Adjusted EBITDA for the full year was now expected to be around break-even, reflecting higher margins and a stronger second half, the company said.
Net debt stood at £2.6m as of 30 June, with loan facilities in place to meet working capital needs and repay its CBILs loan by the end of October.
"We continue to see strength in our inquiry pipeline, which supports a very healthy near-term bidding pipeline for the remainder of 2025 and into 2026," said chief executive Richard Turner.
"As we flagged with our interim results, the outturn for the current financial year was predicated on the timing of securing significant tender opportunities.

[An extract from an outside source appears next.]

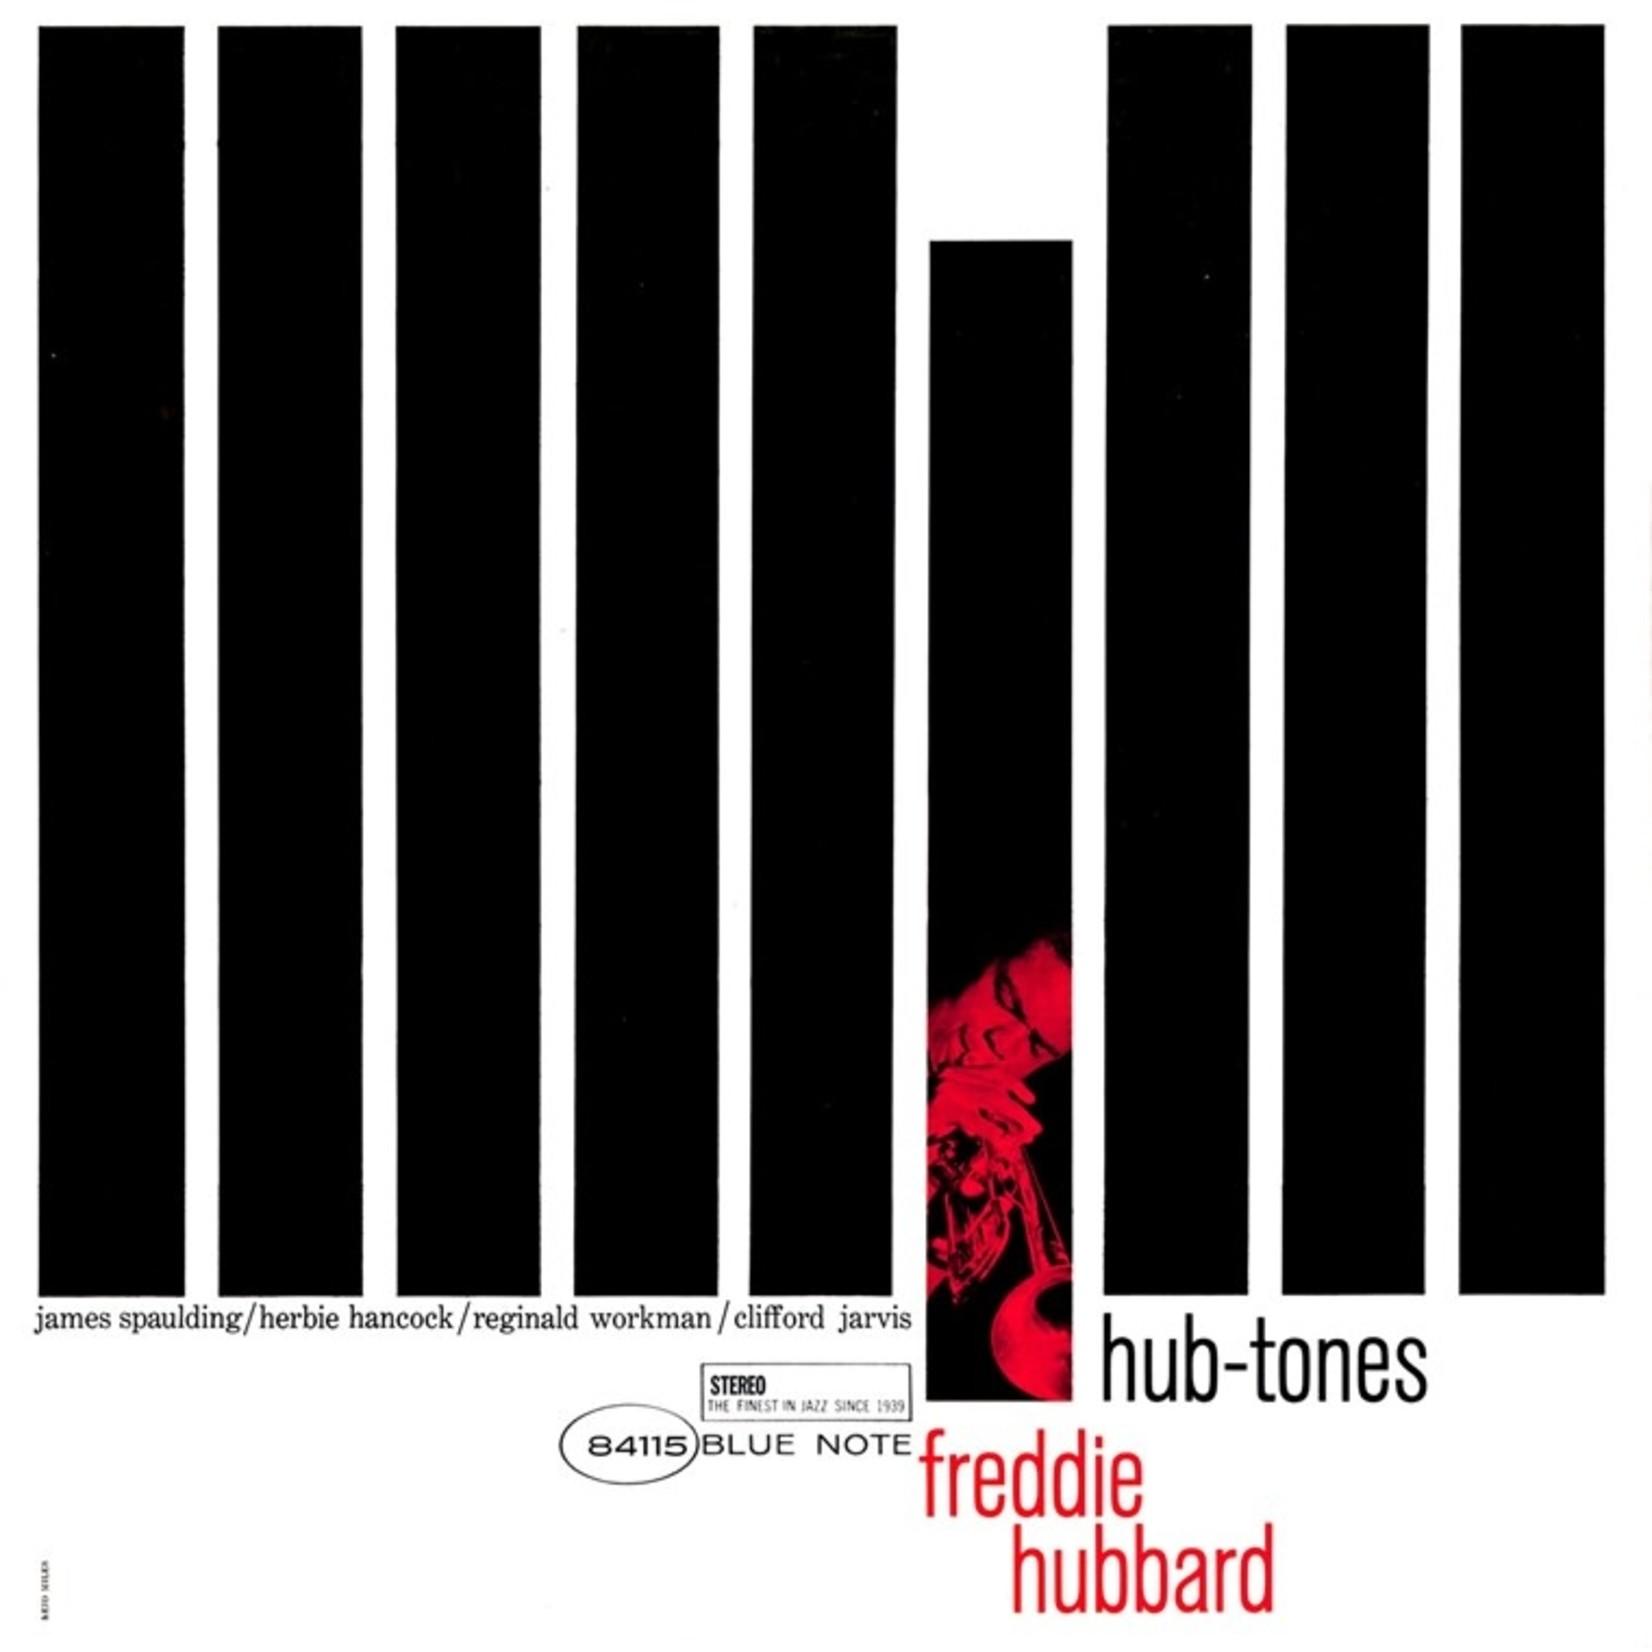 [New] Hubbard, Freddie: Hub-Tones (Blue Note 80 Series)
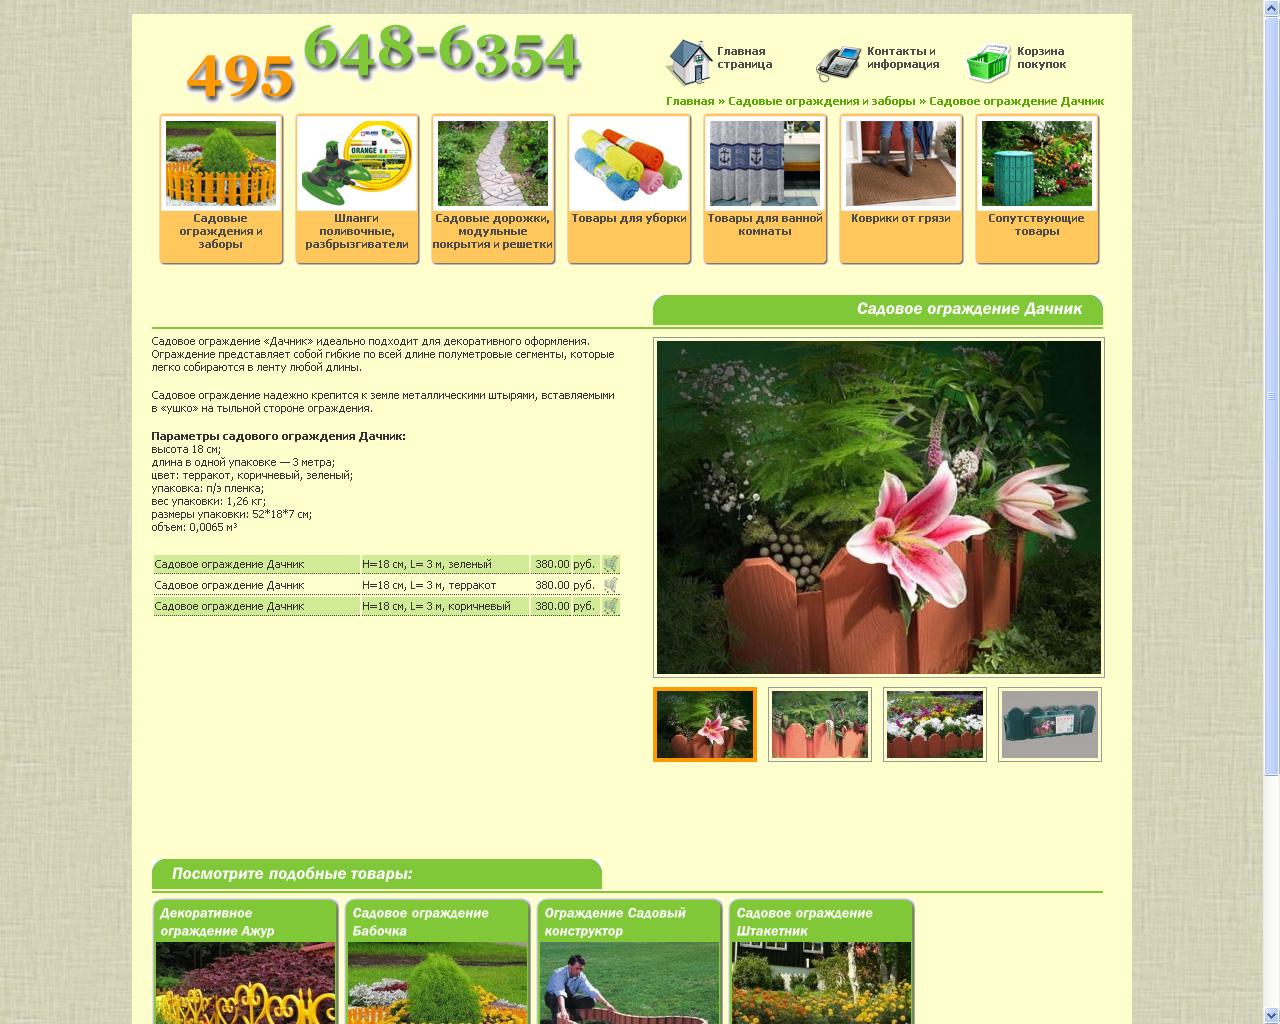 264060e92ce54 Интернет-магазин товаров для дачи, сада, огорода - Фрилансер ...

"Whilst the timing of these awards has been pushed out, impacting the current financial year, the shape of the near-term pipeline remains encouraging and supports our efforts to build a sustainably stronger backlog for FY2026 and beyond."
Turner, who joined in September last year, had been leading the company's Project Aurora strategy to drive medium-term growth through operational efficiencies, tighter cost control, and expansion into new business verticals.
Tekmar had reorganised into two divisions - Asset Protection Technology and Offshore Energy Services - with the latter achieving a much higher sales run rate in 2025 as it targeted 25% of group revenue, up from 6% in 2024.
The company said it had also resolved two legacy warranty claims with no cash impact and continued to strengthen its balance sheet, including progress on aged debt collection and maintaining annual capital expenditure below £0.5m.
An active acquisition pipeline remained under review as Tekmar focussed on building scale and profitability in the coming years.
At 0942 BST, shares in Tekmar Group were down 8.1% at 4.83p.